But I think that Fuad Siniora, for whom I have enormous respect, demonstrated that he could defend his country’s honor, and that ultimately, he could negotiate a good peace.
QUESTION: Going back to the war on terror again, I think you said that you’re still – your greatest concern is the risk of another massive attack on the United States. And I was just wondering, in this context, President-elect Obama has also said that your Administration took its eye off the ball by going into Iraq. And now you see that this is still a concern. It hasn’t happened, but you have the war on terror, in a way, blurring all sorts of boundaries in Afghanistan, Pakistan, and most recently in India, that they seem to have the initiative, that is, the Taliban and other militants.
Are you really winning this war on terrorism? Maybe they’re not – they haven’t attacked the U.S. mainland in the past eight years, but they are certainly spreading across –
SECRETARY RICE: Well, look, it’s something to be valued that they haven’t attacked the U.S. mainland in the last seven years, so let’s not just float over that. That was not a foregone conclusion after September 11th. And even though every day I worry that they still might, I do think that we have more in the way of information, intelligence, capability to process it and act on it than we had – I know than we had before September 11th.
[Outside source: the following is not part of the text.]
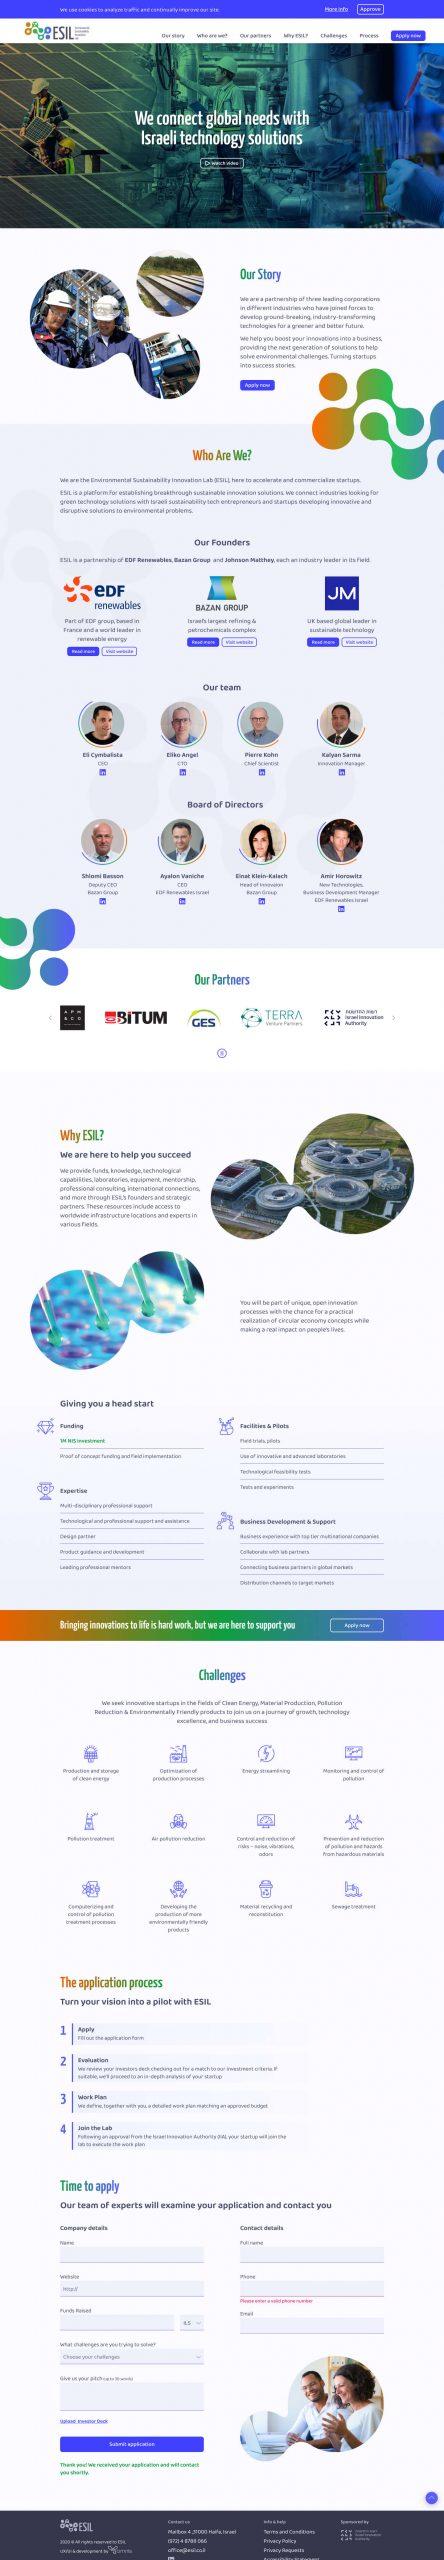 ESIL Screenshot

And what the President has done in terms of modernizing our homeland security, modernizing our surveillance capability, modernizing and expanding the international umbrella over international terrorism is really quite extraordinary. And I’ll come to Pakistan and Afghanistan and India, but if you look at Saudi Arabia, this is a place that was under enormous threat in 2000 and even 2004, 2005. And they fought back and they’re winning that war. If you look at Southeast Asia, this was a place that everybody thought would be a new homeland for al-Qaida. They’re winning that fight.
And if you look at South Asia, yes, there is a problem – a kind of coming together of the ungoverned spaces of Pakistan with the difficult-to-defend Afghan border. But I do not think that it would be right to say that they are unchallenged there or they’re somehow on the march. They’re able to do hit-and-run attacks across that border. And the capacity of the Afghan Government has to be strengthened, and the Pakistanis need to continue to press in those ungoverned spaces.
But the President said, when he spoke to the Congress back in 2001, this would be generational. It would be a generational war. We’re winning a lot of the major battles, but the war is not yet over.
And as to Iraq, yes, the attack of September 11th didn’t come from Iraq, but it did come from the Middle East, the homeland of al-Qaida. The center of the caliphate is the Middle East. And Usama bin Ladin certainly understood, and Zawahiri certainly understood and said that Iraq was a central front in the war on terror. It’s because they understood that al-Qaida getting a foothold in Iraq would mean something very important to the movement, not just politically but psychologically, philosophically. Defeating them in Iraq, as we and the Iraqis are very close to doing, means that it is a tremendous setback for them.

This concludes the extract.